Kaspersky Lab has been hit by a security bug affecting a wide range of its anti-virus products. The bug isn't limited to a particular platform, and can be exploited through several common protocols to take over a protected system.
Separately, security vendors warned that exploit code has begun circulating publicly for an unpatched flaw in Microsoft Office that was first disclosed in April. The exploit makes it easier for attackers to take advantage of the hole, which, like the Kaspersky flaw, could allow attackers to take over a system.
Meanwhile, Cisco is touting a new system designed to offer quick fixes for new vulnerabilities 15 minutes after the security community discovers them.
The Kaspersky flaw is in an Anti-virus Library used to parse CAB files. It could be exploited via protocols such as SMTP, SMB, HTTP and FTP, according to an advisory from Alex Wheeler, who discovered the flaw.

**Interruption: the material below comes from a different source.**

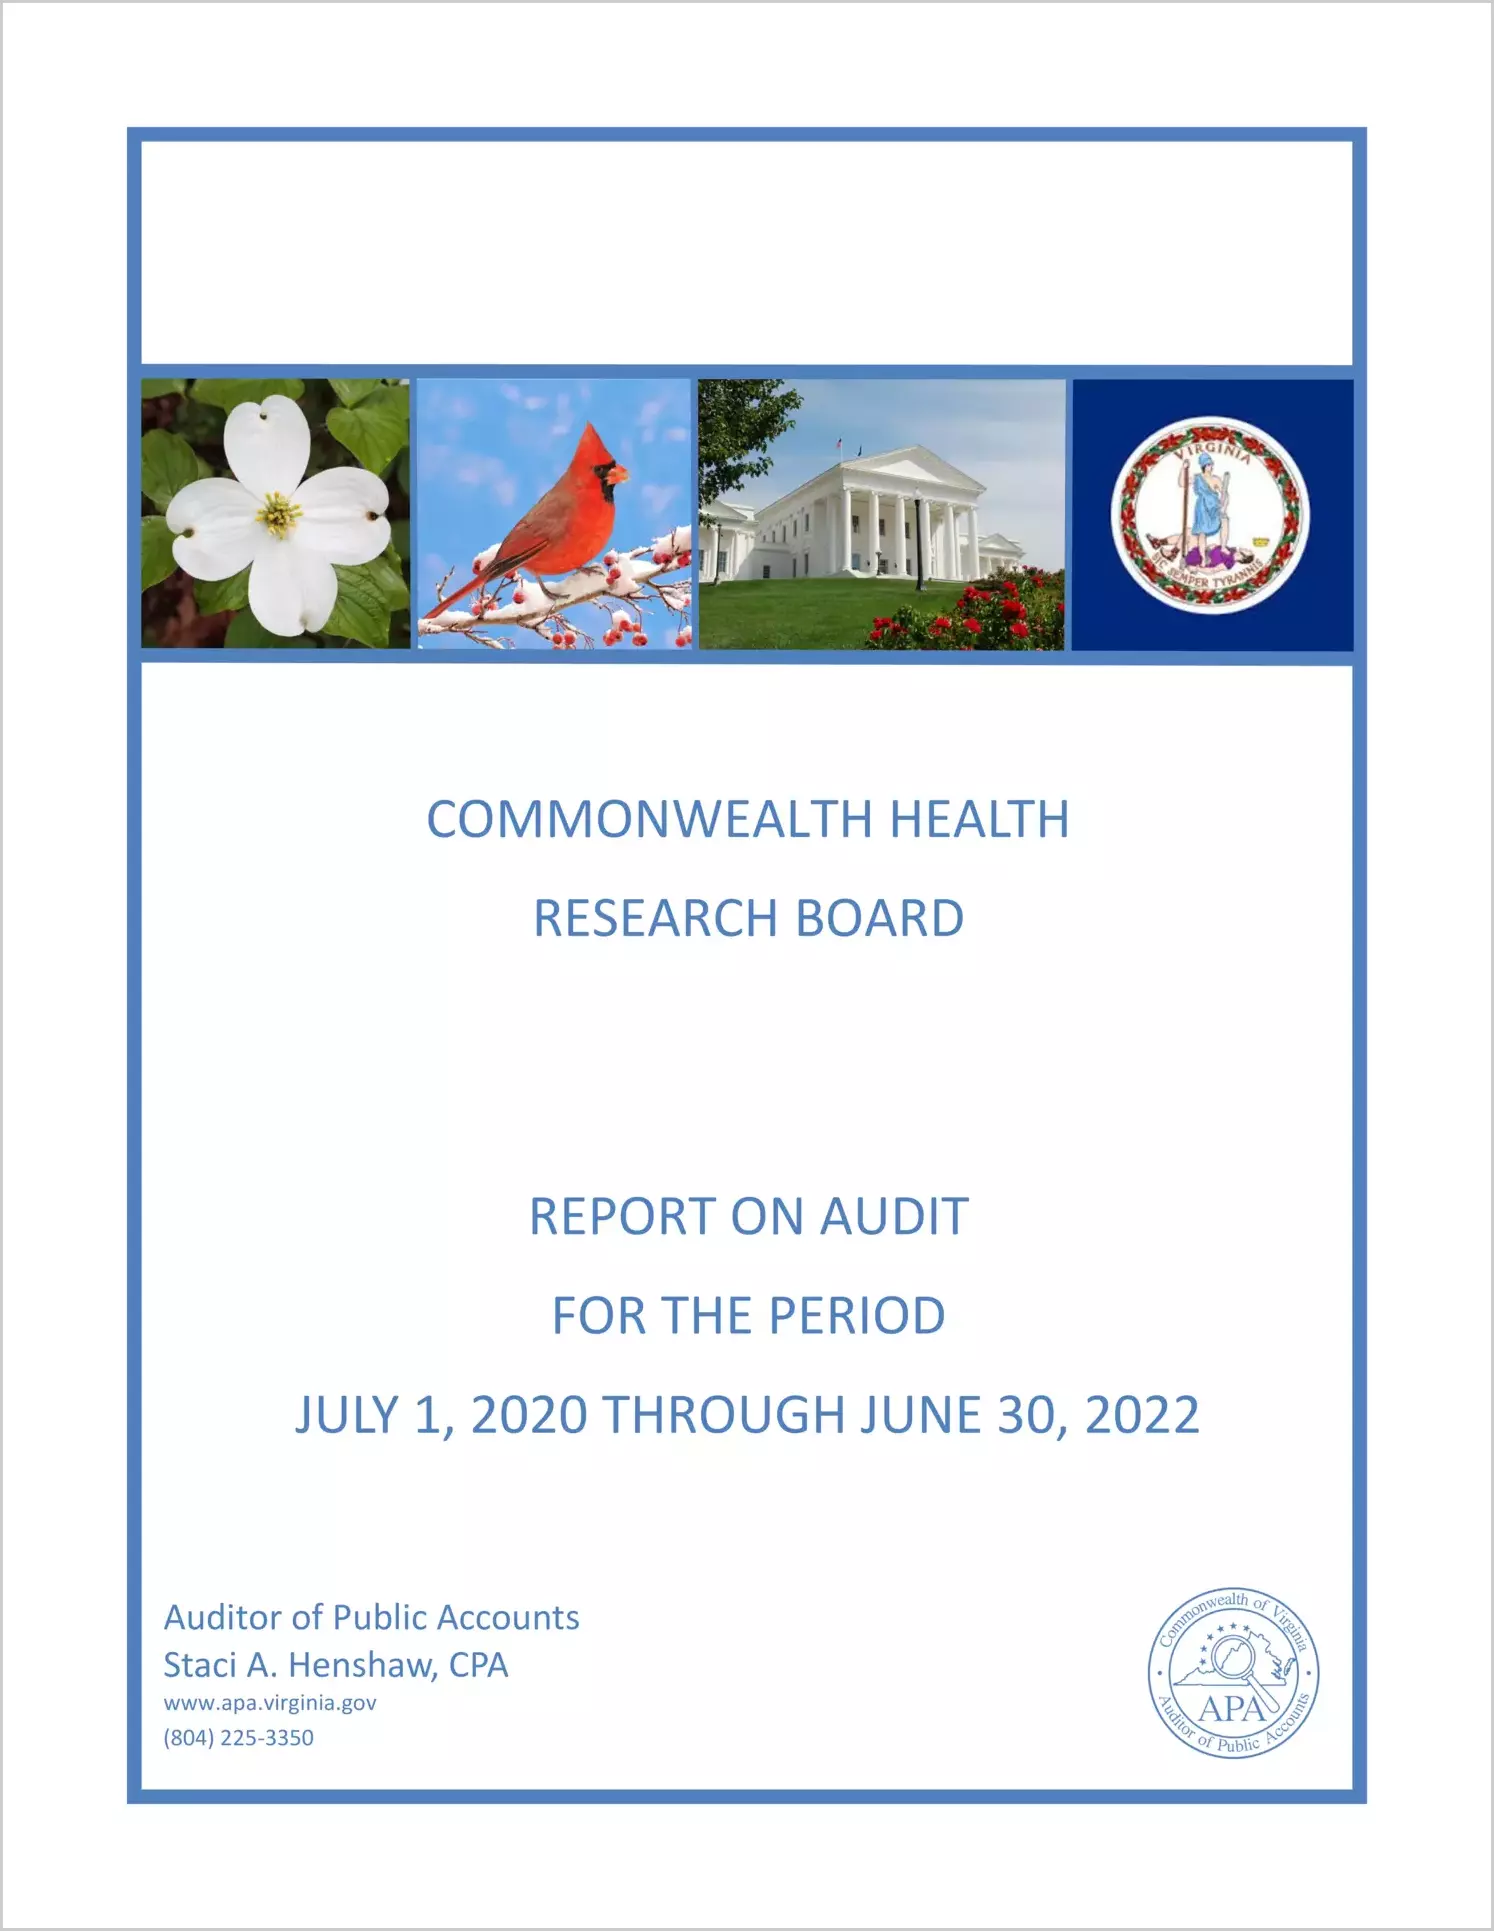 Commonwealth Health Research Board for the period July 1, 2020 through June 30, 2022

The problem has been confirmed in version 220.127.116.11 of the CAB scanning library, and probably affects other versions as well, security researchers said. The products affected include Kaspersky Anti-Virus 4.x, Kaspersky Anti-Virus 5.x and Kaspersky SMTP-Gateway 5.x.
"Due to the library?s OS-independent design and core functionality, it is likely this vulnerability affects a substantial portion of Kaspersky?s gateway, server, and client anti-virus enabled product lines on most platforms," Wheeler said in the advisory.
No official patch is yet available, according to researchers. FrSIRT, the French Security Incident Response Team, said the flaw was "critical".
The Office exploit is circulating as a Microsoft Access file, which, when run, can take over a system. Microsoft said it is aware of the flaw and is considering issuing a patch. The bug is a memory handling error in the Microsoft Jet Database Engine and can be triggered by parsing database files, according to security vendor Secunia.
Cisco is better known as the dominant enterprise networking company, but has launched an Incident Control System (ICS) linked to Trend Micro's TrendLabs research service.
Cisco's ICS appliance, to be available this month, will get a quick policy-based fix for newly discovered vulnerabilities and attacks within 15 minutes of their detection by TrendLabs, Cisco said. A more fine-tuned fix is to be distributed after 90 minutes.
Cisco said it will first roll out the appliance in manual mode, allowing administrators to choose whether to implement any given quick-fix. Some policy changes could disrupt corporate networks by, for example, blocking important ports, Cisco said.
On Wednesday, security researchers warned that a similarly critical hole had cropped up in Symantec Antivirus Scan Engine. A bug in the handling of malformed HTTP requests could allow attackers to execute malicious code and take over a system, according to iDefense. Versions of the Scan Engine before 4.3.12 are affected.